### Exercise objective:
Word for word, restate the lines of the data from the first through the one containing "White Magnolia Tree", and nothing else.

Raw data section start

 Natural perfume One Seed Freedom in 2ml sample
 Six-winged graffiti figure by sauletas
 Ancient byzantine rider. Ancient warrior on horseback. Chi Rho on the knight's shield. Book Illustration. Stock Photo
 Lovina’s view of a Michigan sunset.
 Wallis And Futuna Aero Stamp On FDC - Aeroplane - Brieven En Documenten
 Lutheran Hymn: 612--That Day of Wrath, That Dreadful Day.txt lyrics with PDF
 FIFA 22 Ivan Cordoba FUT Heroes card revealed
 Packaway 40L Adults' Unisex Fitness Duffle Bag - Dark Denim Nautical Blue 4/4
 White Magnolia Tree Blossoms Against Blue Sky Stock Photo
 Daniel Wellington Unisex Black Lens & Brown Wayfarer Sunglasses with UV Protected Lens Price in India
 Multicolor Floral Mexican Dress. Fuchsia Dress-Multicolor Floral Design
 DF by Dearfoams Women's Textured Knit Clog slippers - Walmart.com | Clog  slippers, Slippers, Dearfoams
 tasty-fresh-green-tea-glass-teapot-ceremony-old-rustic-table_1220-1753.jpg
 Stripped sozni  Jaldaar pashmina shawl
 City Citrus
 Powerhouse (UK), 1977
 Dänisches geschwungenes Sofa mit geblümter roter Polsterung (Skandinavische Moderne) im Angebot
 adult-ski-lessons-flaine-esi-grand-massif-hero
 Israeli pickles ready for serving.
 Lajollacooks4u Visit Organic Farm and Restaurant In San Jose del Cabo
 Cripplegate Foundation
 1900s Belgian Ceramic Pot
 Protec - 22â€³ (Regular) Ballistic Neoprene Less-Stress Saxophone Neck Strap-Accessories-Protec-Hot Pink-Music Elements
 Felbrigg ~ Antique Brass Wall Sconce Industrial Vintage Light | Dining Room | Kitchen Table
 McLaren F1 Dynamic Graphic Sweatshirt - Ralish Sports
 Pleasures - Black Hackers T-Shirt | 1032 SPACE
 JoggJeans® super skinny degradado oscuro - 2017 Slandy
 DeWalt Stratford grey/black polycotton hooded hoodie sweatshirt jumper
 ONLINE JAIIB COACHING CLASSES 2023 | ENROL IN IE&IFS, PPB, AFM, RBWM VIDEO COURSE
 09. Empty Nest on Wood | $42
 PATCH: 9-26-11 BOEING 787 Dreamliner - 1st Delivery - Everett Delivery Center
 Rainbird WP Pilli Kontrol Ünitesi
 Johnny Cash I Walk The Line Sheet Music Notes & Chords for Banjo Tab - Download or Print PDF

Raw data section end

### Reply:
 Natural perfume One Seed Freedom in 2ml sample
 Six-winged graffiti figure by sauletas
 Ancient byzantine rider. Ancient warrior on horseback. Chi Rho on the knight's shield. Book Illustration. Stock Photo
 Lovina’s view of a Michigan sunset.
 Wallis And Futuna Aero Stamp On FDC - Aeroplane - Brieven En Documenten
 Lutheran Hymn: 612--That Day of Wrath, That Dreadful Day.txt lyrics with PDF
 FIFA 22 Ivan Cordoba FUT Heroes card revealed
 Packaway 40L Adults' Unisex Fitness Duffle Bag - Dark Denim Nautical Blue 4/4
 White Magnolia Tree Blossoms Against Blue Sky Stock Photo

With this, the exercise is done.